TASK → However many lines the data holds, transcribe them all exactly.

TASK DATA →
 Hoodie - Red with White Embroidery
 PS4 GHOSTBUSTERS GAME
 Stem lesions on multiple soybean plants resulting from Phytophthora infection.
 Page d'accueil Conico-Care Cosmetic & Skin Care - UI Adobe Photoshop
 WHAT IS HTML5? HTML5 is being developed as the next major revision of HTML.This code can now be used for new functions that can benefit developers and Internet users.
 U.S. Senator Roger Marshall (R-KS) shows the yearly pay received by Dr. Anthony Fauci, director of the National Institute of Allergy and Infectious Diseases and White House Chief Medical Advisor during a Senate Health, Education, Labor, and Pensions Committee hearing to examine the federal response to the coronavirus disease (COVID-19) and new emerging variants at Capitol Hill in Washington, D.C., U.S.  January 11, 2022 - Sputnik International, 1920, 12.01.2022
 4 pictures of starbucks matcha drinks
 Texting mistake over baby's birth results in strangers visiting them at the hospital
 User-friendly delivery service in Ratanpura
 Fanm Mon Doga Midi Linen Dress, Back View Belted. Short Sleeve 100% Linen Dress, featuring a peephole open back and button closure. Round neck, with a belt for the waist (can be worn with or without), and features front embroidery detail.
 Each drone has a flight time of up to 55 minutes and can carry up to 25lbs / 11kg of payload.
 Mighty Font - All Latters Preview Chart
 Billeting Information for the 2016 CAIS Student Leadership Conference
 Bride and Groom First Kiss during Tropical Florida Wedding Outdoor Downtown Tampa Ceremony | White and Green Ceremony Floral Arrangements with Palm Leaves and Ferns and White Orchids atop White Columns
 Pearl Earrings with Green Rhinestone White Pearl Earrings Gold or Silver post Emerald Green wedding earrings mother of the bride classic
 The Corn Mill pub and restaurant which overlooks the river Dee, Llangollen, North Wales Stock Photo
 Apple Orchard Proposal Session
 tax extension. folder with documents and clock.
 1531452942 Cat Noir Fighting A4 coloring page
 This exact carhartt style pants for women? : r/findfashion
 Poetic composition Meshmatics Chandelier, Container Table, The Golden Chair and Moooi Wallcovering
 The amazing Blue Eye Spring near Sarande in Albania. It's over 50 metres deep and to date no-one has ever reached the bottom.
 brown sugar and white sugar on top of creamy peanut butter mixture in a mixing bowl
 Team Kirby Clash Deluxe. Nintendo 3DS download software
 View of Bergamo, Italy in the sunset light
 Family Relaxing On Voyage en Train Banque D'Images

RESULT OF THIS TASK →
 Hoodie - Red with White Embroidery
 PS4 GHOSTBUSTERS GAME
 Stem lesions on multiple soybean plants resulting from Phytophthora infection.
 Page d'accueil Conico-Care Cosmetic & Skin Care - UI Adobe Photoshop
 WHAT IS HTML5? HTML5 is being developed as the next major revision of HTML.This code can now be used for new functions that can benefit developers and Internet users.
 U.S. Senator Roger Marshall (R-KS) shows the yearly pay received by Dr. Anthony Fauci, director of the National Institute of Allergy and Infectious Diseases and White House Chief Medical Advisor during a Senate Health, Education, Labor, and Pensions Committee hearing to examine the federal response to the coronavirus disease (COVID-19) and new emerging variants at Capitol Hill in Washington, D.C., U.S.  January 11, 2022 - Sputnik International, 1920, 12.01.2022
 4 pictures of starbucks matcha drinks
 Texting mistake over baby's birth results in strangers visiting them at the hospital
 User-friendly delivery service in Ratanpura
 Fanm Mon Doga Midi Linen Dress, Back View Belted. Short Sleeve 100% Linen Dress, featuring a peephole open back and button closure. Round neck, with a belt for the waist (can be worn with or without), and features front embroidery detail.
 Each drone has a flight time of up to 55 minutes and can carry up to 25lbs / 11kg of payload.
 Mighty Font - All Latters Preview Chart
 Billeting Information for the 2016 CAIS Student Leadership Conference
 Bride and Groom First Kiss during Tropical Florida Wedding Outdoor Downtown Tampa Ceremony | White and Green Ceremony Floral Arrangements with Palm Leaves and Ferns and White Orchids atop White Columns
 Pearl Earrings with Green Rhinestone White Pearl Earrings Gold or Silver post Emerald Green wedding earrings mother of the bride classic
 The Corn Mill pub and restaurant which overlooks the river Dee, Llangollen, North Wales Stock Photo
 Apple Orchard Proposal Session
 tax extension. folder with documents and clock.
 1531452942 Cat Noir Fighting A4 coloring page
 This exact carhartt style pants for women? : r/findfashion
 Poetic composition Meshmatics Chandelier, Container Table, The Golden Chair and Moooi Wallcovering
 The amazing Blue Eye Spring near Sarande in Albania. It's over 50 metres deep and to date no-one has ever reached the bottom.
 brown sugar and white sugar on top of creamy peanut butter mixture in a mixing bowl
 Team Kirby Clash Deluxe. Nintendo 3DS download software
 View of Bergamo, Italy in the sunset light
 Family Relaxing On Voyage en Train Banque D'Images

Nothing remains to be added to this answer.